The list is not necessary for the driver to work. However, it can be useful for testing the driver. If no list is distributed along with the tagset description, you may still be able to acquire a partial list from a corpus.
Alternative values
A feature can have two or more alternative values at the same time. This may be necessary because some tags in some tagsets are defined that way. For instance, the character H
on position 8 in the PDT Czech tagset means “tense = past or present.” Alternative values are represented by a single reference to an array of values.
The corresponding decode()
code may look like this:
elsif($tense eq "H") { $f{tense} = ["past", "pres"]; }
Note that every encode()
implementation should be prepared to work with multiple values of features! Even if your own driver does not create arrays in decode()
, you should be able to deal with arrays coming from other tagsets. However, if you do not create arrays, your tagset is probably not capable of storing alternative feature values and you cannot do much more than just pick the first value from the array and use it. In that case it is annoying to have to check for arrays in every single feature. Fortunately, you can get rid of all arrays at once by calling the single_values()
function at the beginning of your encode()
:
use tagset; sub encode { my $f = shift; # Replace any array values by single values. my $single = tagset::single_values($f, "gender", "animateness", "number", "tense"); my %f = %{$single};
The single_values()
function will replace any array by its first member value. Note that you can specify features that are exceptions to this rule. In the above example, the features gender
, animateness
, number
and tense
will retain multiple values, if present. Thus if you are able to deal with arrays, this is the way how you specify where you can do so and where you cannot.
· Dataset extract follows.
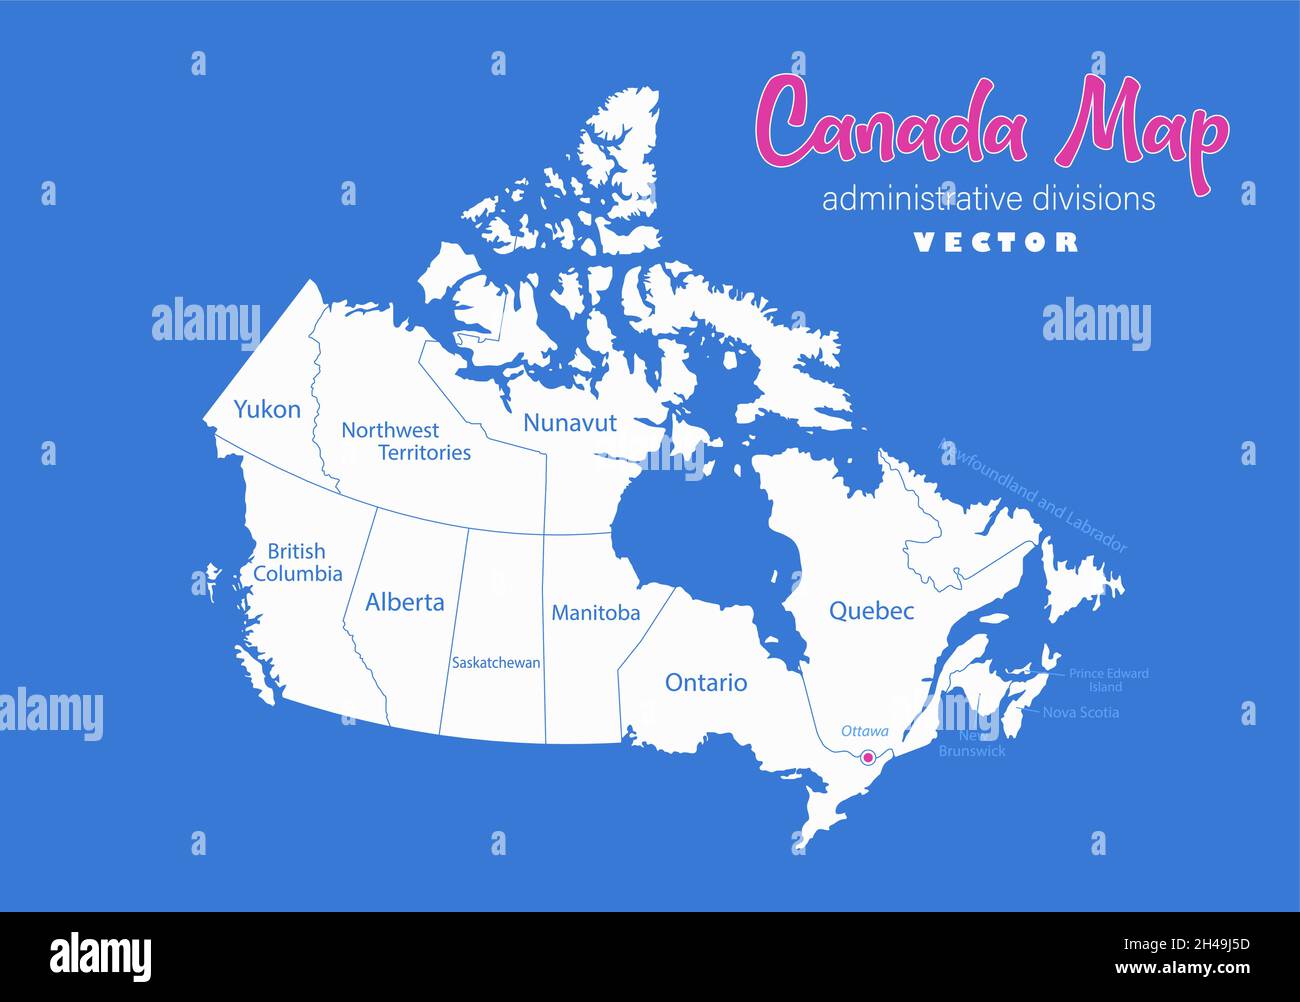 Mapa de Canadá, divisiones administrativas con nombres de regiones, vector de fondo azul Ilustración del Vector

Now, what do you do with features where you want to encode arrays? You should first check whether the value is an array or not. If it is an array, you may want to grep
your values rather than trying exact match, because you do not know what is going to come from other drivers, and the ordering or additional values may not be what matters.
If the arrays turns out to be incompatible with what you expect, you should pick one value (we suggest you take the first one) and proceed with default single-value processing.
if(ref($f{gender}) eq "ARRAY") { # Processing of any combined values goes here. my @values = @{$f{gender}}; if(scalar(grep{m/^masc$/}(@values)) && scalar(grep{m/^fem$/}(@values))) { $tag[2] = "T"; } elsif(...) { ... } else { $f{gender} = $f{gender}[0]; } } if(ref($f{gender}) eq "") { if($f{gender} eq "masc") { ...
Note: This approach cannot encode situations where some combinations of feature values are plausible and some are not! For instance, if positions [2] and [3] in a tag encode gender and number, respectively, and if NNQW
means a logical disjunction of the tags NNFS
and NNNP
, then you cannot encode the situation in DZ Interset precisely. If you do not want to discard either NNFS
or NNNP
(by storing the other only), you can say that gender = F
or N
and number = S
or P
but by that you have also introduced NNFP
and NNNS
as possibilities. The approach may be revised in future.
Common problems
See Common Problems for a list of suggestions for phenomena difficult to match between tagsets and the Interset.
Test your driver
When you have written a driver for a new tagset, you should test it. An Interset service module can perform the following tests:
- Get list of possible tags by calling list(). Go through the list and check for each tag that encode(decode($tag))=$tag. While sometimes it can be annoying to try to preserve some obscure information hidden in the tags, this test can also reveal many unwanted bugs. Besides, you should preserve information of your own tagset because people may want to use your driver merely to access the tags, instead of converting them.
To perform the test, run the script driver-test.pl
in the tagset
root folder. Note that the name of the driver to test is currently hard-coded into the source. In future, it will be changed to a command-line argument.